In practice things are much more nuanced than what you learn in school and textbooks.
Sometimes you have a convenient library that sort of does what you want, but it does a lot more. Do you just use it, or do you re-implement only the subset that you need which can be optimized to run much faster?
That's not an algorithm question but more of a software engineering tradeoff between impact (how badly your users/business need it faster), resources and priority (how much time you can spend on optimization), and whether you want to maintain that code (as opposed to calling the library making it somebody else's problem). Sometimes the correct thing to do is really to call the slower library instead of writing your own highly optimized routines.
In this case of terminal emulation, apparently the folks at Microsoft wasn't aware of the faster solution, which you could say is an algorithm issue (but that's kind of stretching things a bit -- you surely wouldn't see terminal emulation in an algorithm in a textbook, and the fact that one has memorized the textbook algorithms for an interview doesn't automatically mean they would figure out a better way of emulating a terminal. Presumably Microsoft does some whiteboarding on algorithms as well but that didn't prevent this fiasco from happening). Anyway the concerns I mentioned above are probably still relevant here (the directdraw run thing was a convenient and slow library that apparently did much more than they needed).
Algorithm "skills" are probably overrated in the sense that people can memorize textbook algorithms and their analyses all they want, but real world problems are often more complicated than that, and those "skills" don't necessarily translate/apply. For one, there's no general way to prove lower bounds, so a less imaginative programmer might just assume their inefficient implementation is all that is possible, until somebody else points out a better method. People are getting technical interviews wrong if (as interviewers) they ask standardized algorithm questions -- the candidates expect them and prepare for them, memorizing them if need be. But as the interviewer, ideally they'd want to be able to find the candidate who can discover a good solution for a novel problem they never saw or thought about before.
I'd further claim that while some of these skills can be learned and improved through training, there's a different "ceiling" for everyone since a lot of the intuition and imaginative aspects of problem solving can't really be taught or acquired. I've done a couple years of competitive programming in my younger years, and I can clearly observe that, when pressed with hard problems, there's a clear difference between how well people respond. The model in the original article assumes that these kind of skills come with experience, but in my experience that's mostly not true if you're dealing with "hard-ish" problems like how to vastly optimize text layout in terminals.
> Algorithm "skills" are probably overrated in the sense that people can memorize textbook algorithms and their analyses all they want ...
Memorizing algorithms has very little to do with algorithm skills. You can memorize any algorithm textbook you like, then go take part in an algorithm competition and see how far that will get you (spoiler alert: not far).

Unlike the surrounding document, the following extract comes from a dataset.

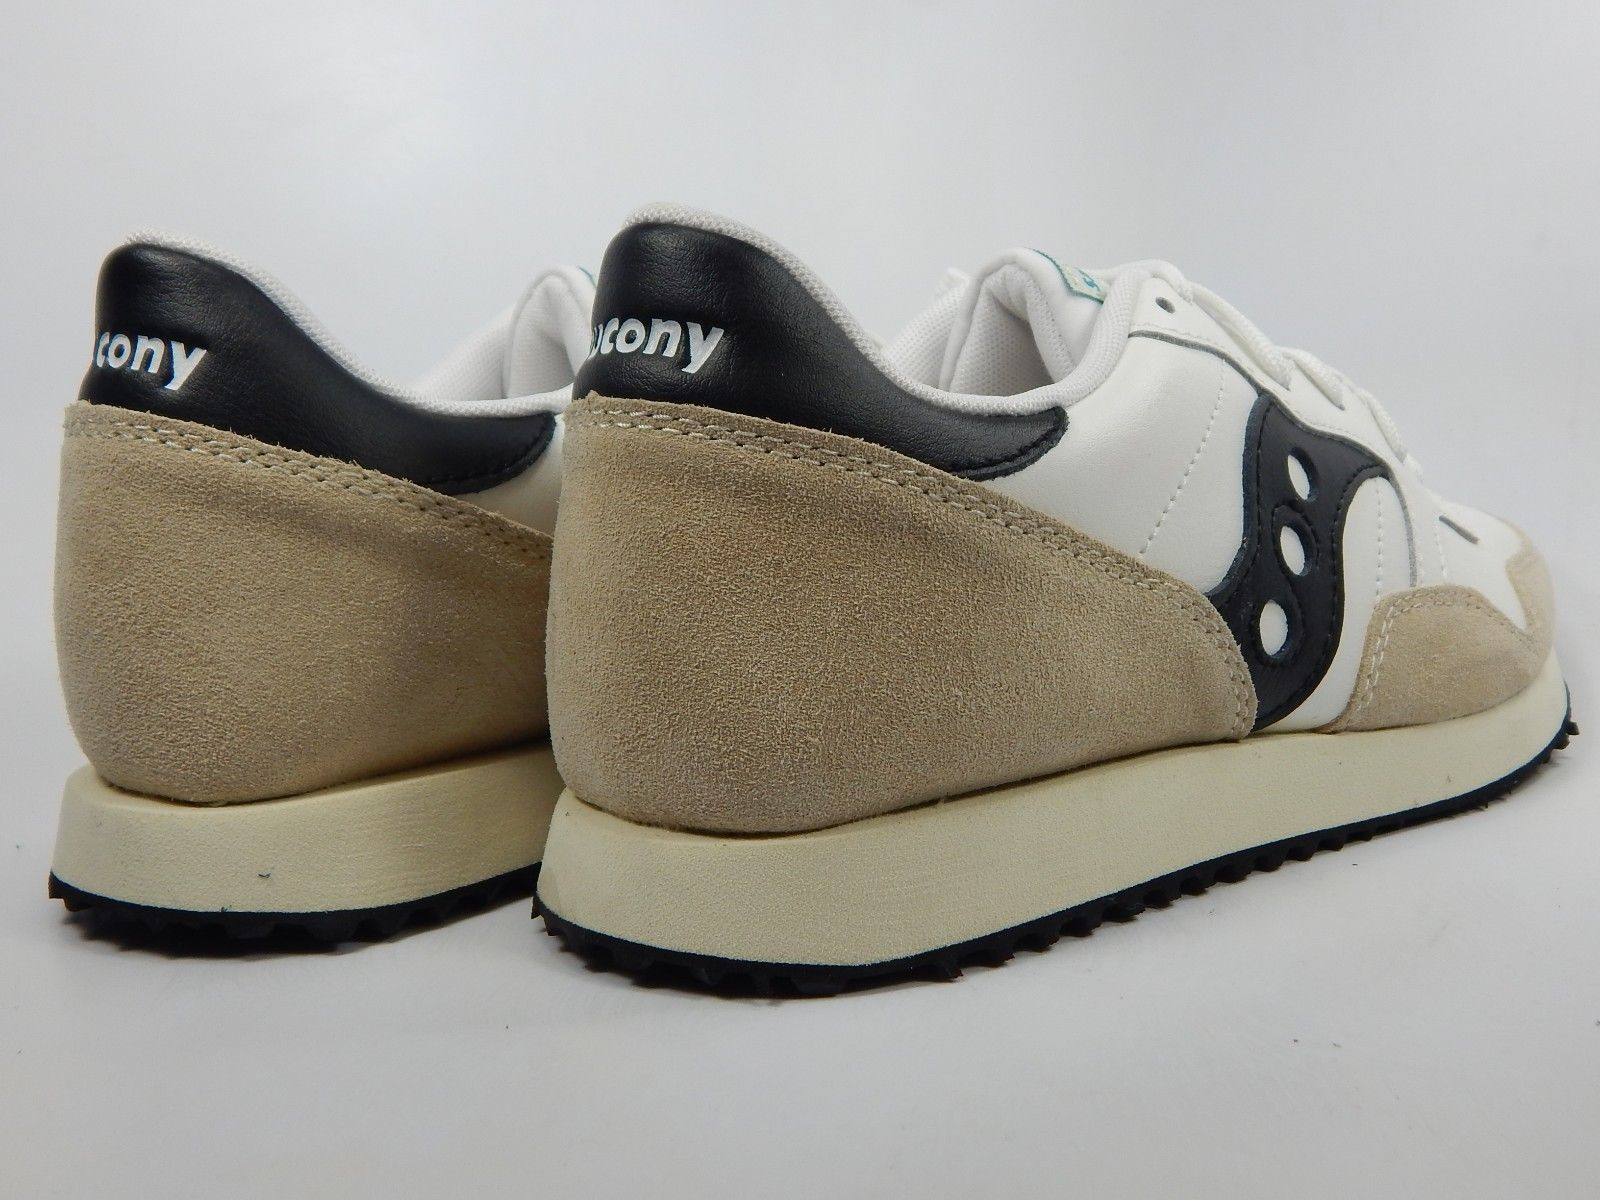 Saucony Originals DXN Trainer CL Men's Running Shoes Sz 9 M (D) EU 42.5 S70358-4

If you are good at algorithms, you have the ability to construct efficient solutions to problems you have never seen before. And by "construct" I don't mean pattern-matching to previously-memorized algorithms, I mean writing something that didn't exist before you wrote it.
> People are getting technical interviews wrong if (as interviewers) they ask standardized algorithm questions ... But as the interviewer, ideally they'd want to be able to find the candidate who can discover a good solution for a novel problem they never saw or thought about before.
I agree with you 100% here. Good algorithm questions are questions that can't be solved by memorized answers.
> I'd further claim that while some of these skills can be learned and improved through training, there's a different "ceiling" for everyone since a lot of the intuition and imaginative aspects of problem solving can't really be taught or acquired [...] The model in the original article assumes that these kind of skills come with experience, but in my experience that's mostly not true if you're dealing with "hard-ish" problems like how to vastly optimize text layout in terminals.
Again I agree with you 100%. This also why I went in a different direction with my comment compared to the expectations set in the article. As you noted, the writer of the article expected everyone to learn these skills. In contrast, I said that it's ok for different people to have different skillsets.
> In practice things are much more nuanced than what you learn in school and textbooks. Sometimes [...]
This argument is presented way more often than it actually holds water. Yes, sometimes things are nuanced and complicated and whatnot, but we don't have to look at hypotheticals, we can just look at this actual case that we have right here. In this case things weren't nuanced and complicated and whatnot justifying a 40x performance drop when rendering colored text. In this case things really were simple: turns out this was just a horribly inefficient solution (like Many products written by Microsoft are). Furthermore, turns out Microsoft devs truely were incapable of recognizing that a few simple optimizations would deliver orders of magnitude better performance without breaking anything, and without introducing unnecessary complexity. We know this, because Microsoft devs called the prospect of optimizing this performance a "doctoral research project", and then some guy did it in his free time over a few weekends.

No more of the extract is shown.